» **To do**
Restate the listing below exactly, images excluded.

» **Available data**
══════════════════════════════
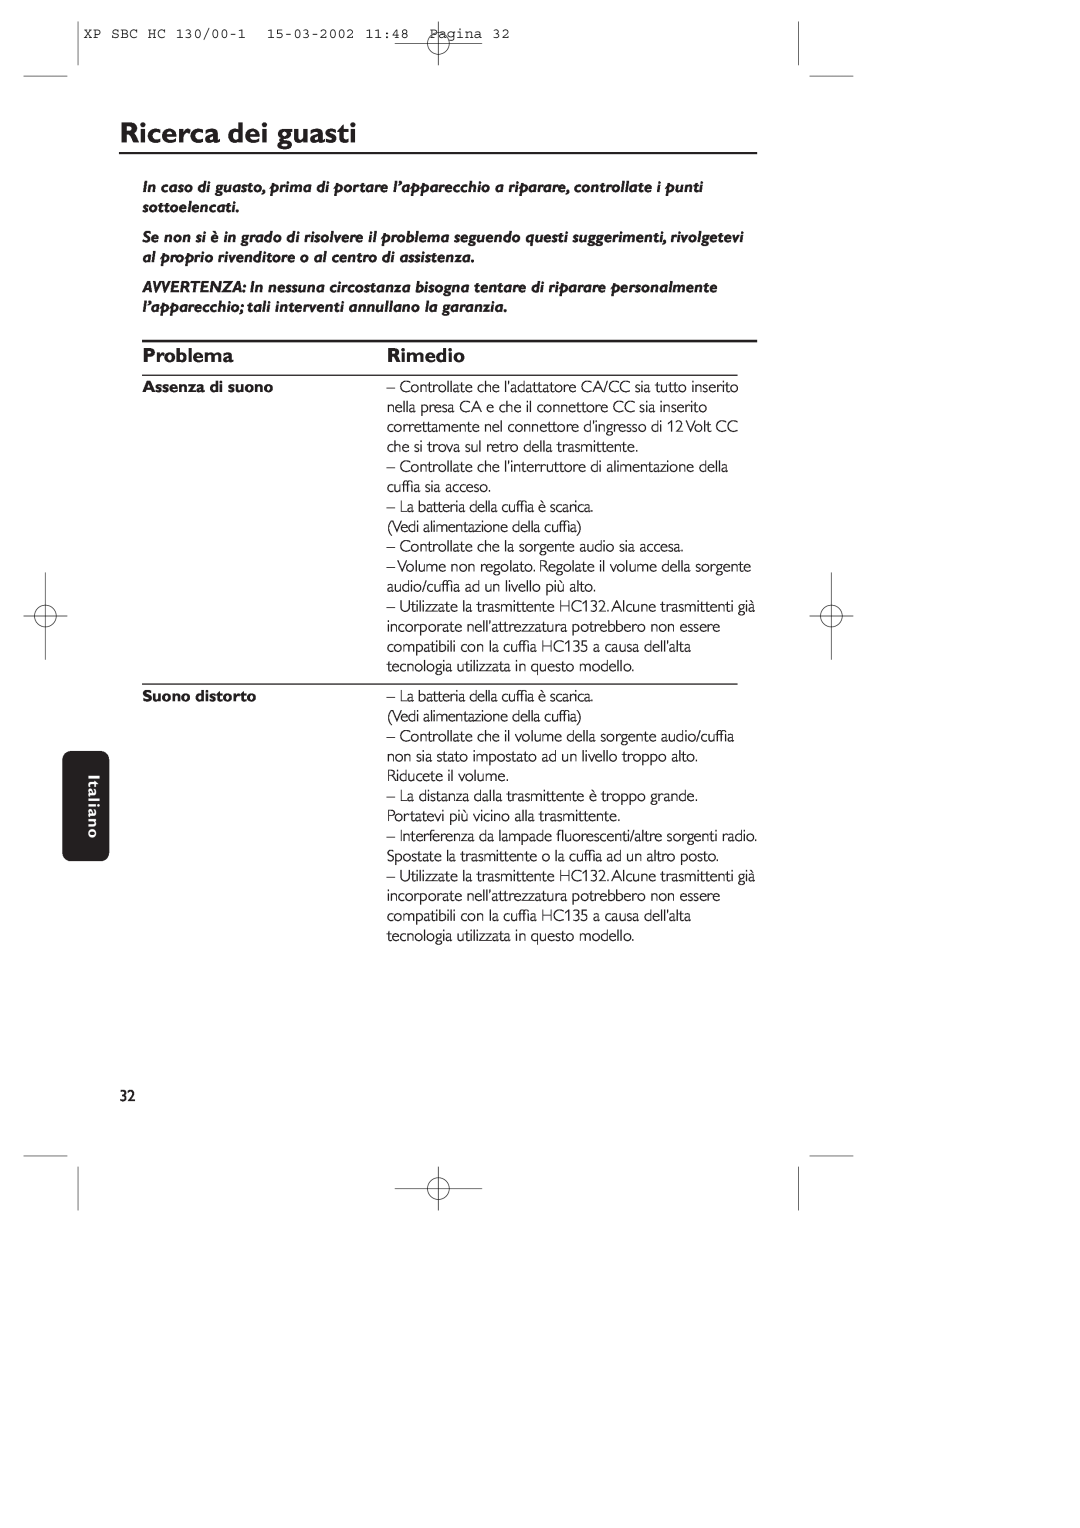 Philips SBC HC130 manual Ricerca dei guasti, Problema, Rimedio, Italiano, Assenza di suono, Suono distorto 
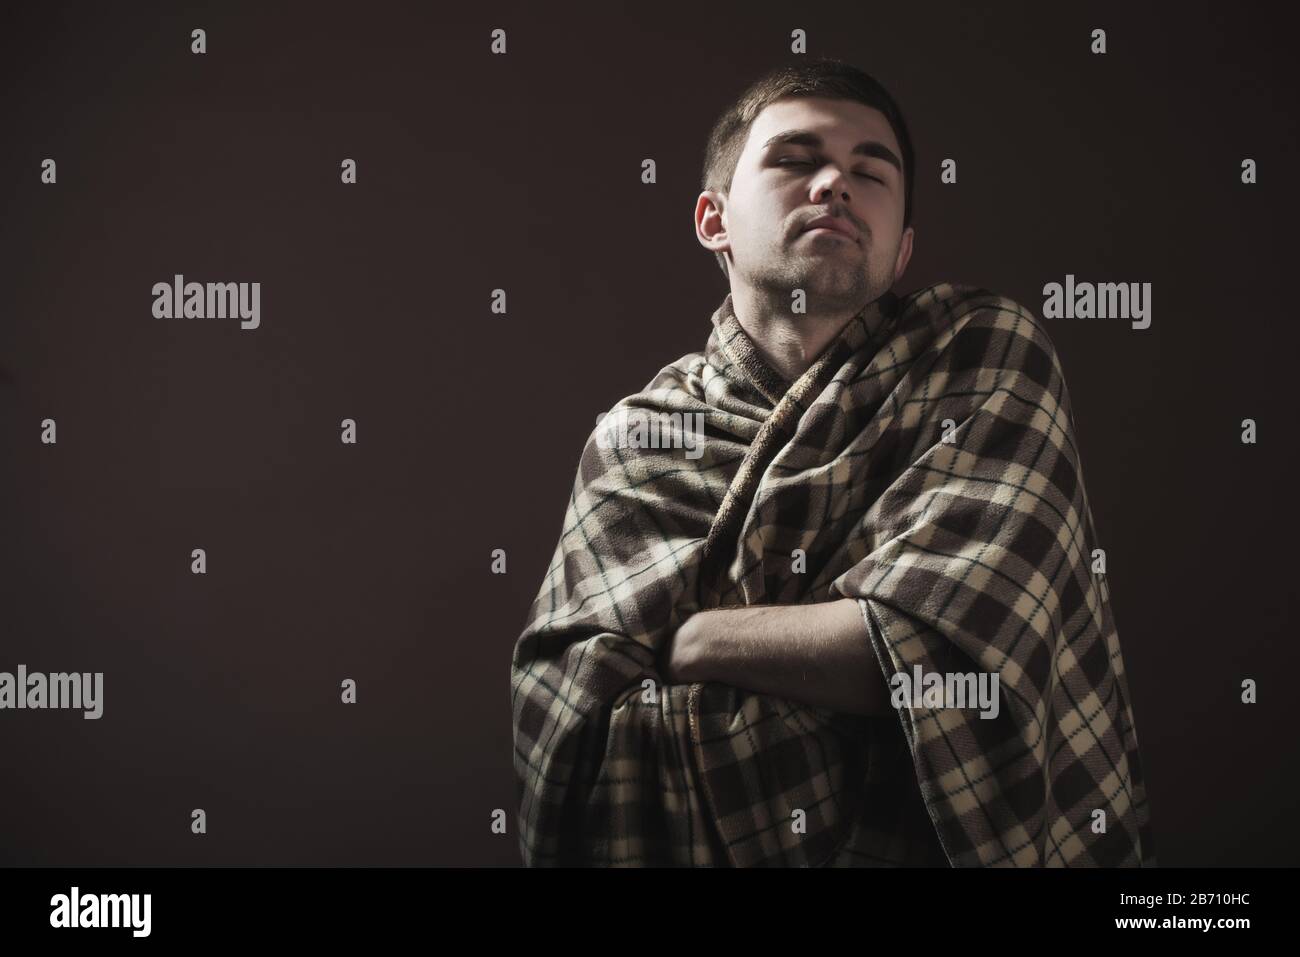 Porträt eines jungen, schläfrigen Mannes, der in eine Pflauge gewickelt ist. Konzept eines harten morgendlichen Erwachens und Arbeitsstimmung Stockfoto
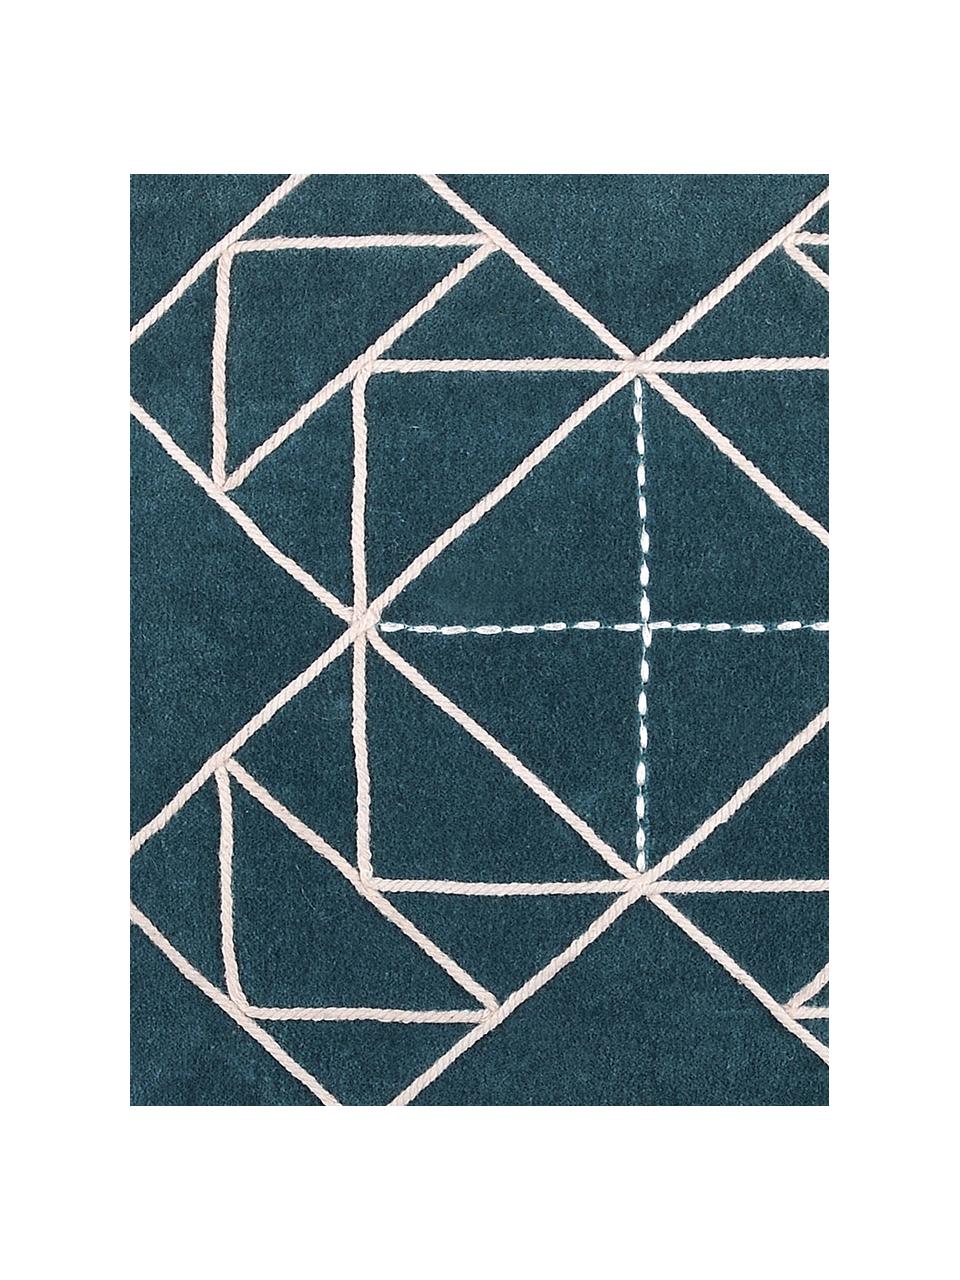 Kissen Niro mit graphischem Muster, mit Inlett, Bezug: 100% Baumwolle, Petrolblau, Weiss, 40 x 40 cm
══════════════════════════════
» **Written solution**
 Philips SBC HC130 manual Ricerca dei guasti, Problema, Rimedio, Italiano, Assenza di suono, Suono distorto 
 Porträt eines jungen, schläfrigen Mannes, der in eine Pflauge gewickelt ist. Konzept eines harten morgendlichen Erwachens und Arbeitsstimmung Stockfoto
 Kissen Niro mit graphischem Muster, mit Inlett, Bezug: 100% Baumwolle, Petrolblau, Weiss, 40 x 40 cm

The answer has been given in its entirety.